Cimigenoside enhances Taxol chemosensitivity in triple-negative breast cancer via the γ-secretase/RBPJ-PXR axis.

[BACKGROUND AND PURPOSE] Previous studies have found that activation of the γ-secretase/NICD-PXR/Notch pathway can induce Taxol resistance in triple-negative breast cancer (TNBC) to limit its therapeutic effect. Accordingly, inhibition of the γ-secretase/Notch pathway maybe an effective strategy to enhance Taxol chemosensitivity in TNBC. We have already found that cimigenoside (CG), the active ingredient of Cimicifuga dahurica (Turcz.) Maxim, can inhibit γ-secretase activity.

[EXPERIMENTAL APPROACH] The dynamic interaction between the natural γ-secretase inhibitor CG and γ-secretase catalytic core presenilin-1 (PSEN-1) was revealed by molecular dynamics simulations and in vitro enzyme activity experiments. The biological characterisation and in vivo role of CG in increasing Taxol sensitivity of TNBC were investigated. The regulatory effect of CG on the γ-secretase/RBPJ-PXR axis was studied through dual luciferase reporter gene assays, nuclear cytoplasmic separation experiments, and western blot assays.
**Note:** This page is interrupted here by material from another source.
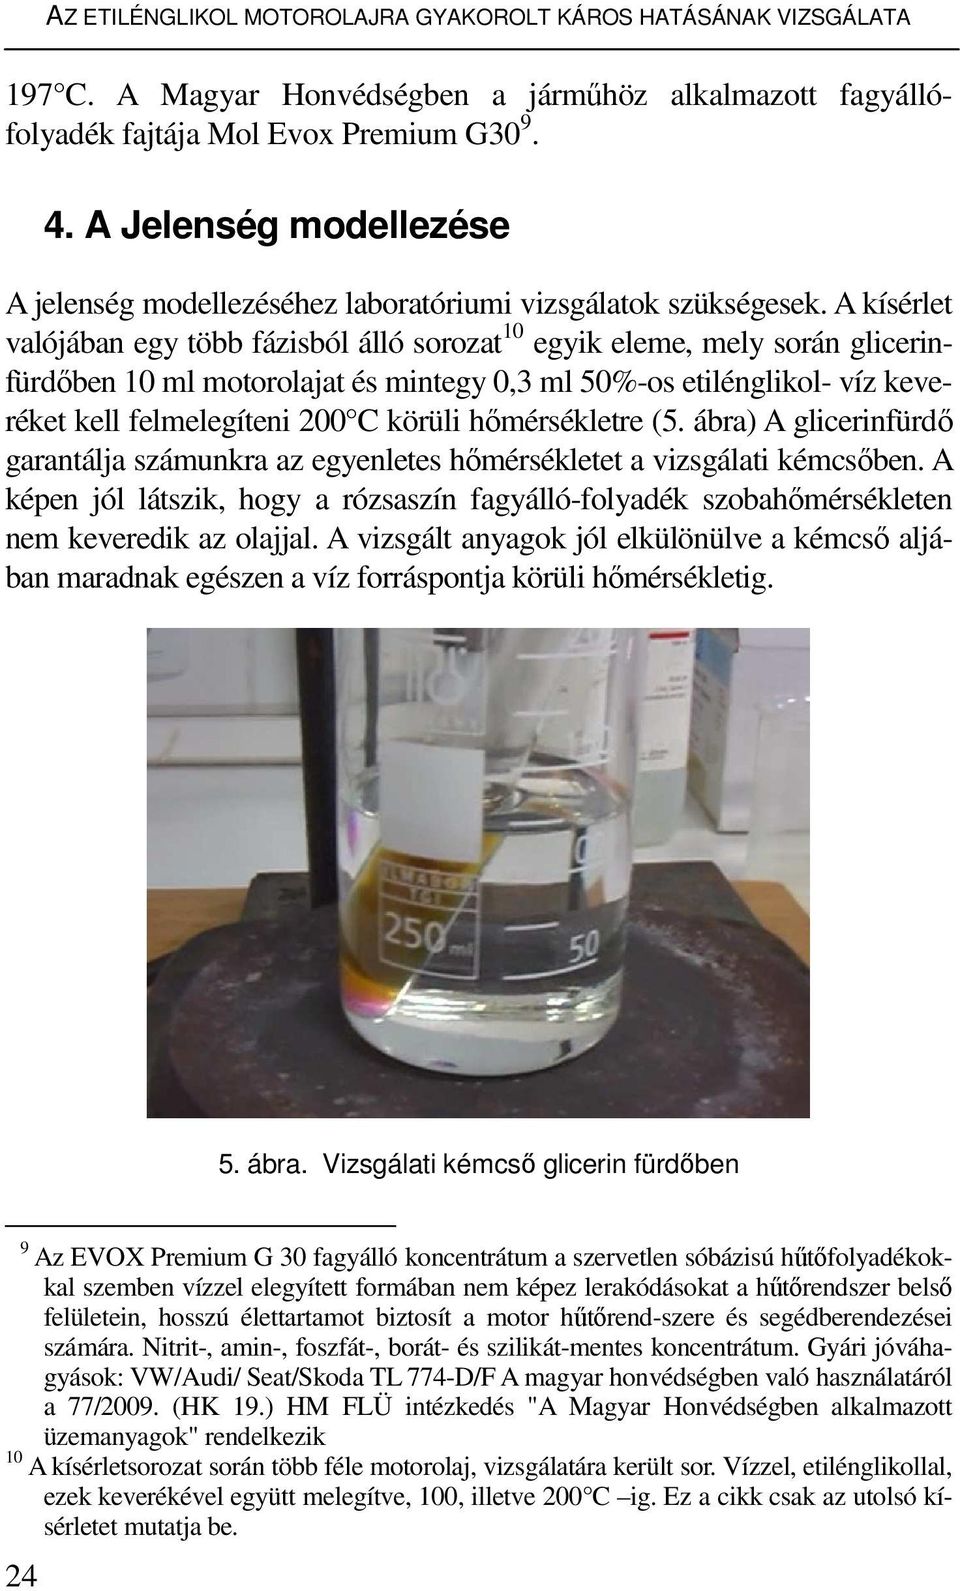 A kísérlet valójában egy több fázisból álló sorozat 10 egyik eleme, mely során glicerinfürdıben 10 ml motorolajat és mintegy 0,3 ml 50%-os etilénglikol- víz keveréket kell felmelegíteni 200 C körüli

[KEY RESULTS] CG stably binds to the PSEN-1 protein cavity to inhibit γ-secretase activity. In vitro studies showed that CG significantly enhanced the inhibition of cell proliferation, migration and invasion, as well as the promotion of apoptosis of MDA-MB-231/Taxol cells by Taxol. CG enhanced the inhibitory effect of Taxol on subcutaneous tumours and lung metastatic TNBC in vivo. Mechanistically, CG inhibited the transcriptional activity of RBPJ by targeting γ-secretase, interfered with the interaction between RBPJ and pregnane X receptor (PXR), down-regulated the expression of PXR-regulated metabolic enzymes and transport proteins, and enhanced the sensitivity of TNBC to Taxol.

[CONCLUSIONS AND IMPLICATIONS] We show that CG enhances the chemical sensitivity of TNBC by regulating the γ-secretase/RBPJ-PXR axis.